▶ _The problem_
One exact copy of the listing, minus the images, is the required answer.

[Data below]

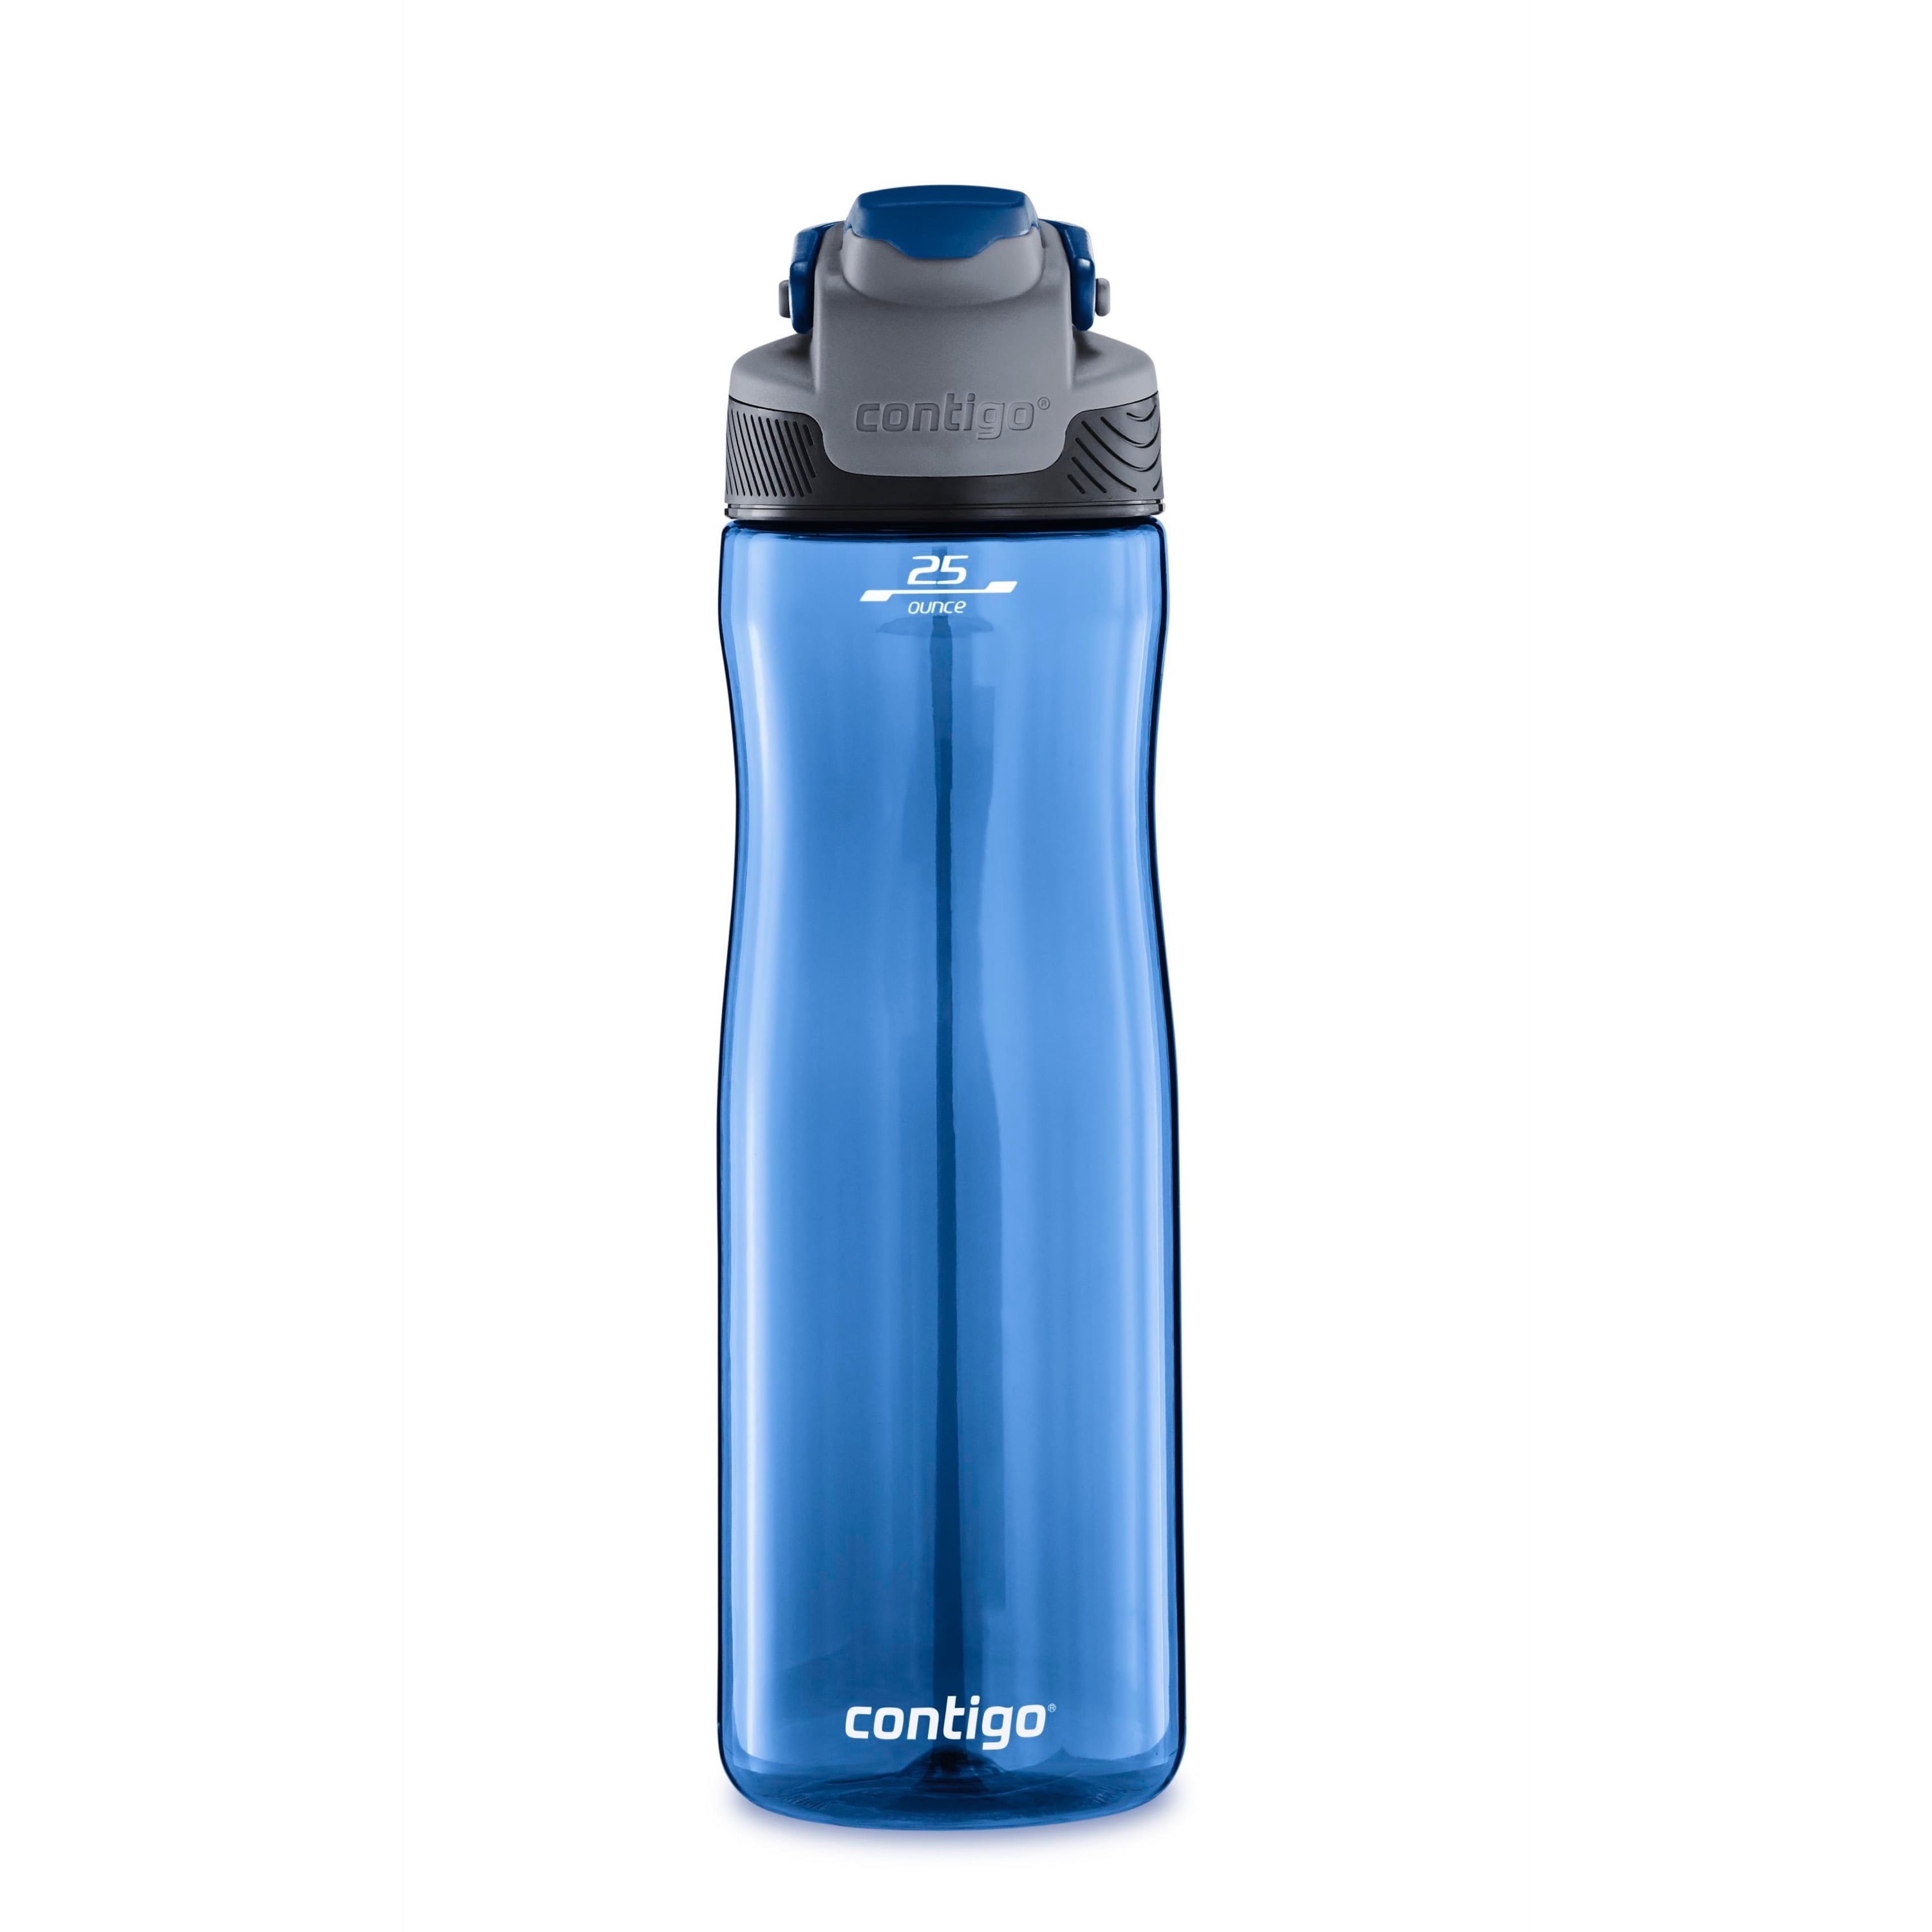 Details about   Contigo Auto Seal Fit 25oz Spill Proof Water Bottle Sangria 
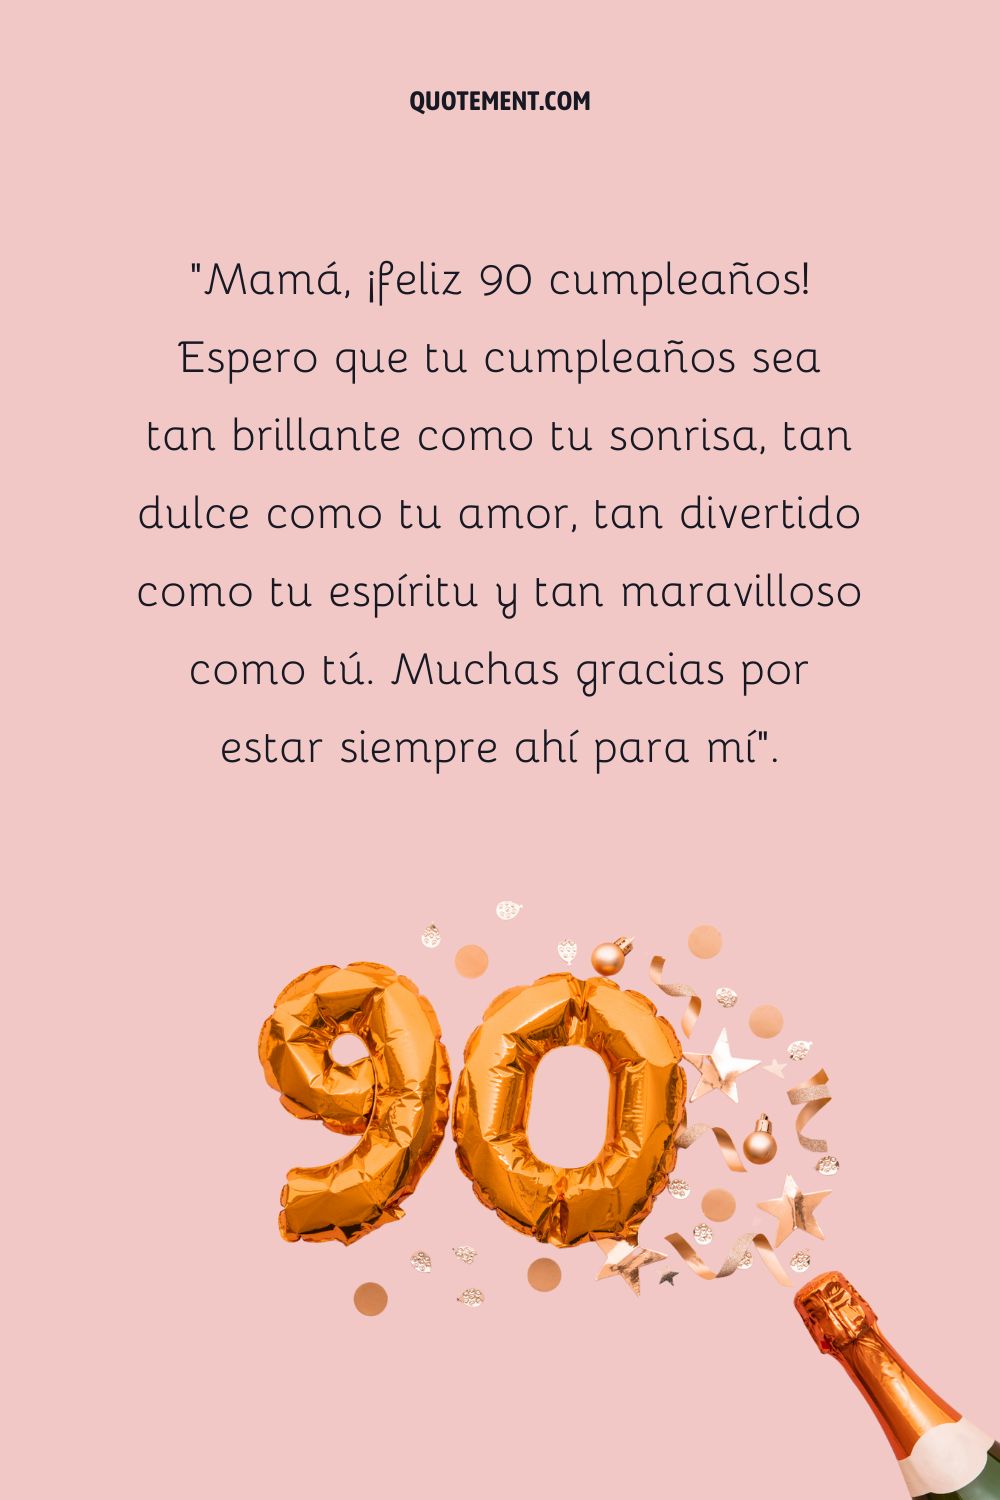 Mamá, feliz 90 cumpleaños
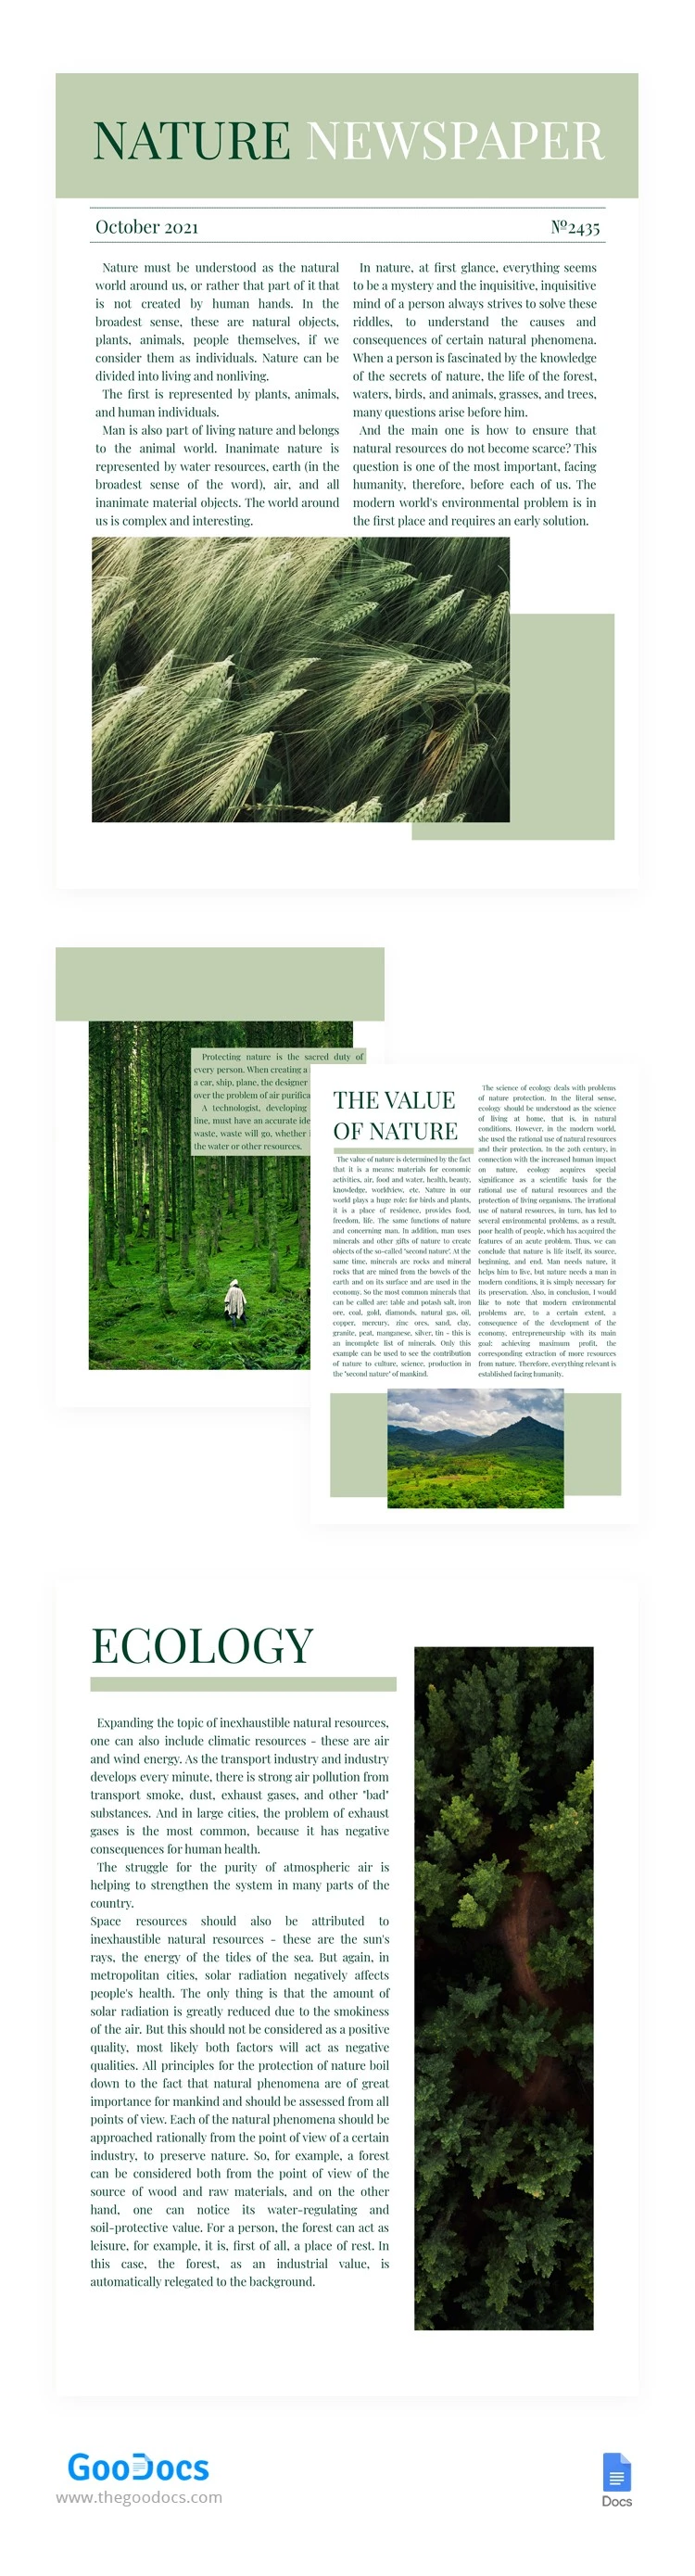 Green Nature Newspaper - free Google Docs Template - 10062140

[/Data below]

▶ _Exercise answer_
 Details about   Contigo Auto Seal Fit 25oz Spill Proof Water Bottle Sangria 
 Mamá, feliz 90 cumpleaños
 Green Nature Newspaper - free Google Docs Template - 10062140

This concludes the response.